From: Reinette Chatre
Date: Fri Aug 10 2018 - 12:25:17 EST


Hi Peter,

On 8/8/2018 10:33 AM, Reinette Chatre wrote:
> On 8/8/2018 12:51 AM, Peter Zijlstra wrote:
>> On Tue, Aug 07, 2018 at 03:47:15PM -0700, Reinette Chatre wrote:
>>>> - I don't much fancy people accessing the guts of events like that;
>>>> would not an inline function like:
>>>>
>>>> static inline u64 x86_perf_rdpmc(struct perf_event *event)
>>>> {
>>>> u64 val;
>>>>
>>>> lockdep_assert_irqs_disabled();
>>>>
>>>> rdpmcl(event->hw.event_base_rdpmc, val);
>>>> return val;
>>>> }
>>>>
>>>> Work for you?
>>>
>>> No. This does not provide accurate results. Implementing the above produces:
>>> pseudo_lock_mea-366 [002] .... 34.950740: pseudo_lock_l2: hits=4096
>>> miss=4
>>
>> But it being an inline function should allow the compiler to optimize
>> and lift the event->hw.event_base_rdpmc load like you now do manually.
>> Also, like Tony already suggested, you can prime that load just fine by
>> doing an extra invocation.
>>
>> (and note that the above function is _much_ simpler than
>> perf_event_read_local())
>
> Unfortunately I do not find this to be the case.
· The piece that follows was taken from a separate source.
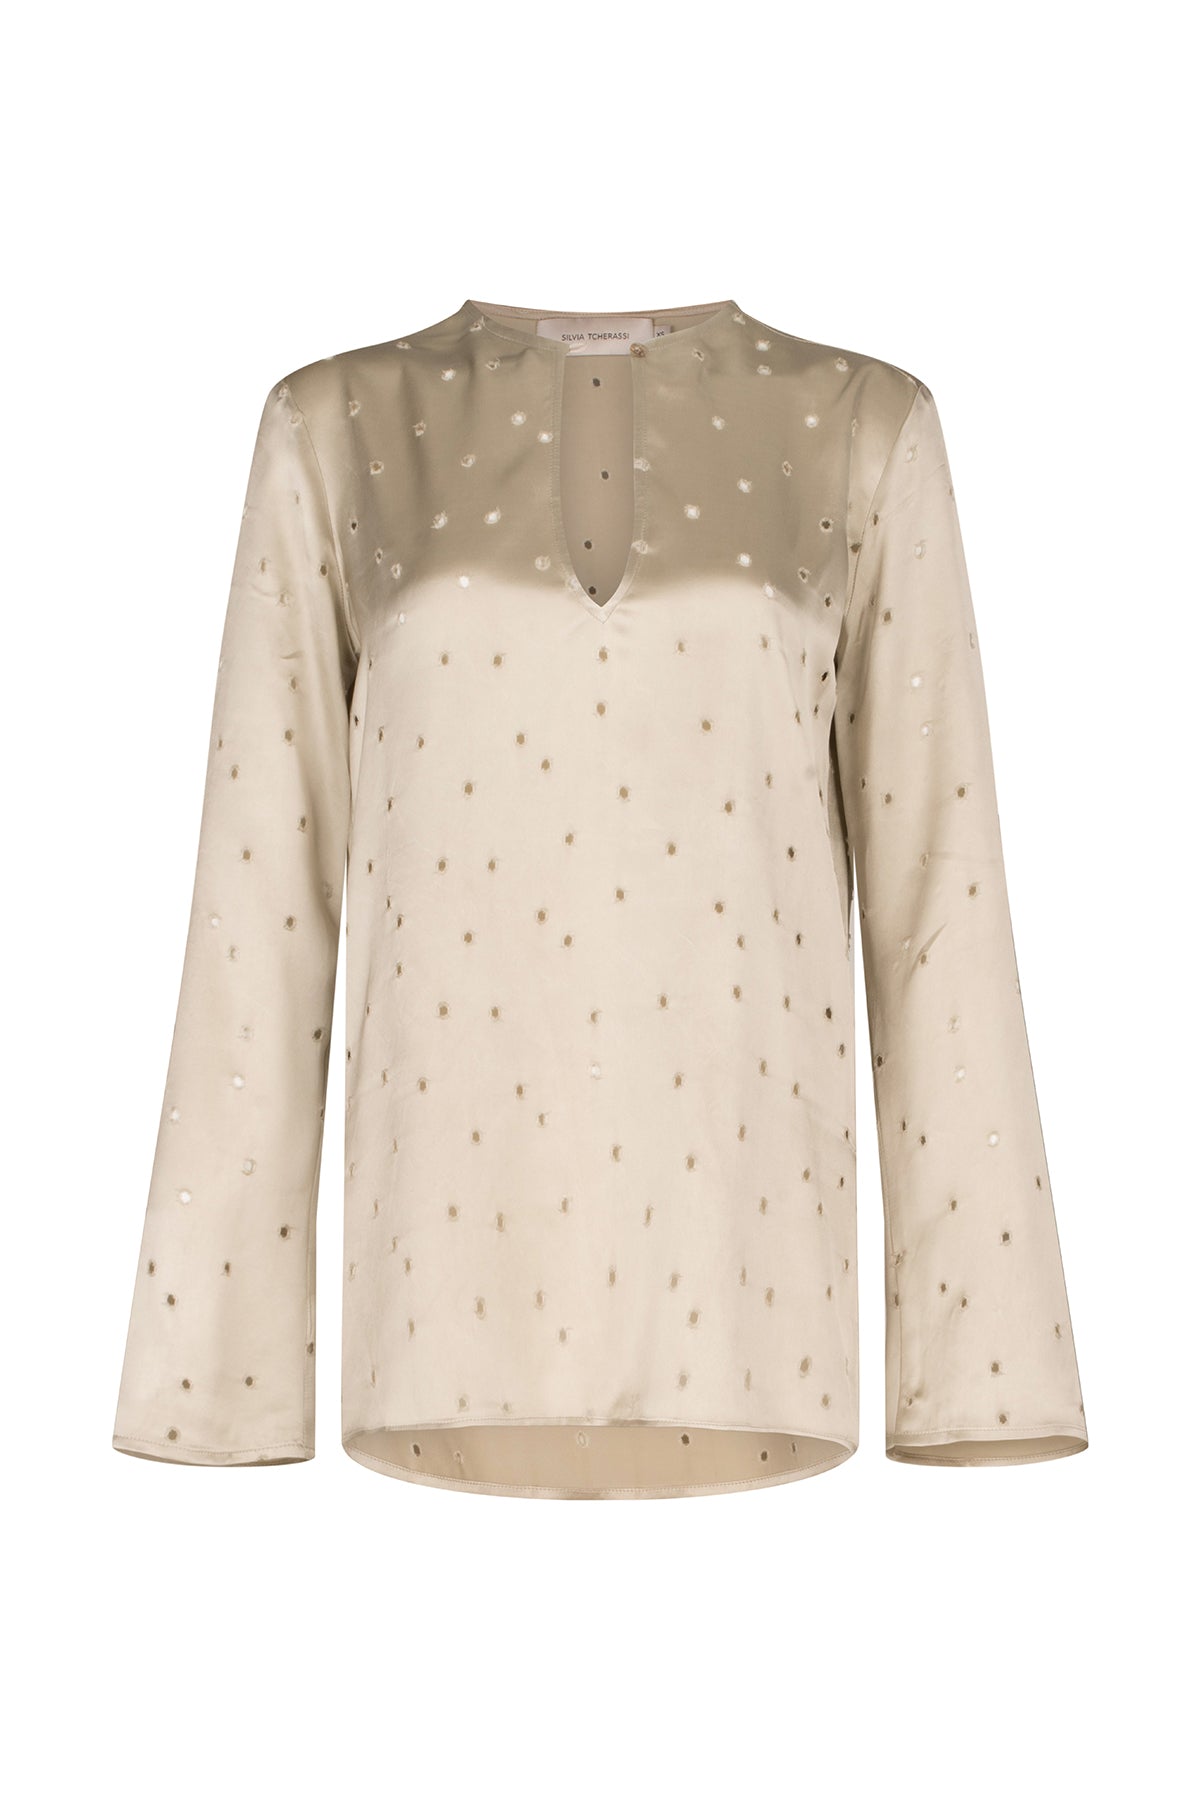 A Tosca Blouse Ecru with a keyhole neckline and gold stars on the fabric texture.

When I implement
> x86_perf_rdpmc() _exactly_ as you suggest above and do the measurement like:
>
> l2_hits_before = x86_perf_rdpmc(l2_hit_event);
> l2_miss_before = x86_perf_rdpmc(l2_miss_event);
> l2_hits_before = x86_perf_rdpmc(l2_hit_event);
> l2_miss_before = x86_perf_rdpmc(l2_miss_event);
> /* read memory */
> l2_hits_after = x86_perf_rdpmc(l2_hit_event);
> l2_miss_after = x86_perf_rdpmc(l2_miss_event);
>
>
> Then the results are not accurate, neither are the consistently
> inaccurate to consider a constant adjustment:
>
> pseudo_lock_mea-409 [002] .... 194.322611: pseudo_lock_l2: hits=4100
> miss=0
> pseudo_lock_mea-412 [002] .... 195.520203: pseudo_lock_l2: hits=4096
> miss=3
> pseudo_lock_mea-415 [002] .... 196.571114: pseudo_lock_l2: hits=4097
> miss=3
> pseudo_lock_mea-422 [002] .... 197.629118: pseudo_lock_l2: hits=4097
> miss=3
> pseudo_lock_mea-425 [002] .... 198.687160: pseudo_lock_l2: hits=4096
> miss=3
> pseudo_lock_mea-428 [002] .... 199.744156: pseudo_lock_l2: hits=4096
> miss=2
> pseudo_lock_mea-431 [002] .... 200.801131: pseudo_lock_l2: hits=4097
> miss=2
> pseudo_lock_mea-434 [002] .... 201.858141: pseudo_lock_l2: hits=4097
> miss=2
> pseudo_lock_mea-437 [002] .... 202.917168: pseudo_lock_l2: hits=4096
> miss=2
>
> I was able to test Tony's theory and replacing the reading of the
> "after" counts with a direct rdpmcl() improve the results. What I mean
> is this:
>
> l2_hit_pmcnum = x86_perf_rdpmc_ctr_get(l2_hit_event);
> l2_miss_pmcnum = x86_perf_rdpmc_ctr_get(l2_miss_event);
> l2_hits_before = x86_perf_rdpmc(l2_hit_event);
> l2_miss_before = x86_perf_rdpmc(l2_miss_event);
> l2_hits_before = x86_perf_rdpmc(l2_hit_event);
> l2_miss_before = x86_perf_rdpmc(l2_miss_event);
> /* read memory */
> rdpmcl(l2_hit_pmcnum, l2_hits_after);
> rdpmcl(l2_miss_pmcnum, l2_miss_after);
>
> I did not run my full tests with the above but a simple read of 256KB
> pseudo-locked memory gives:
> pseudo_lock_mea-492 [002] .... 372.001385: pseudo_lock_l2: hits=4096
> miss=0
> pseudo_lock_mea-495 [002] .... 373.059748: pseudo_lock_l2: hits=4096
> miss=0
> pseudo_lock_mea-498 [002] .... 374.117027: pseudo_lock_l2: hits=4096
> miss=0
> pseudo_lock_mea-501 [002] .... 375.182864: pseudo_lock_l2: hits=4096
> miss=0
> pseudo_lock_mea-504 [002] .... 376.243958: pseudo_lock_l2: hits=4096
> miss=0
>
> We thus seem to be encountering the issue Tony predicted where the
> memory being tested is evicting the earlier measurement code and data.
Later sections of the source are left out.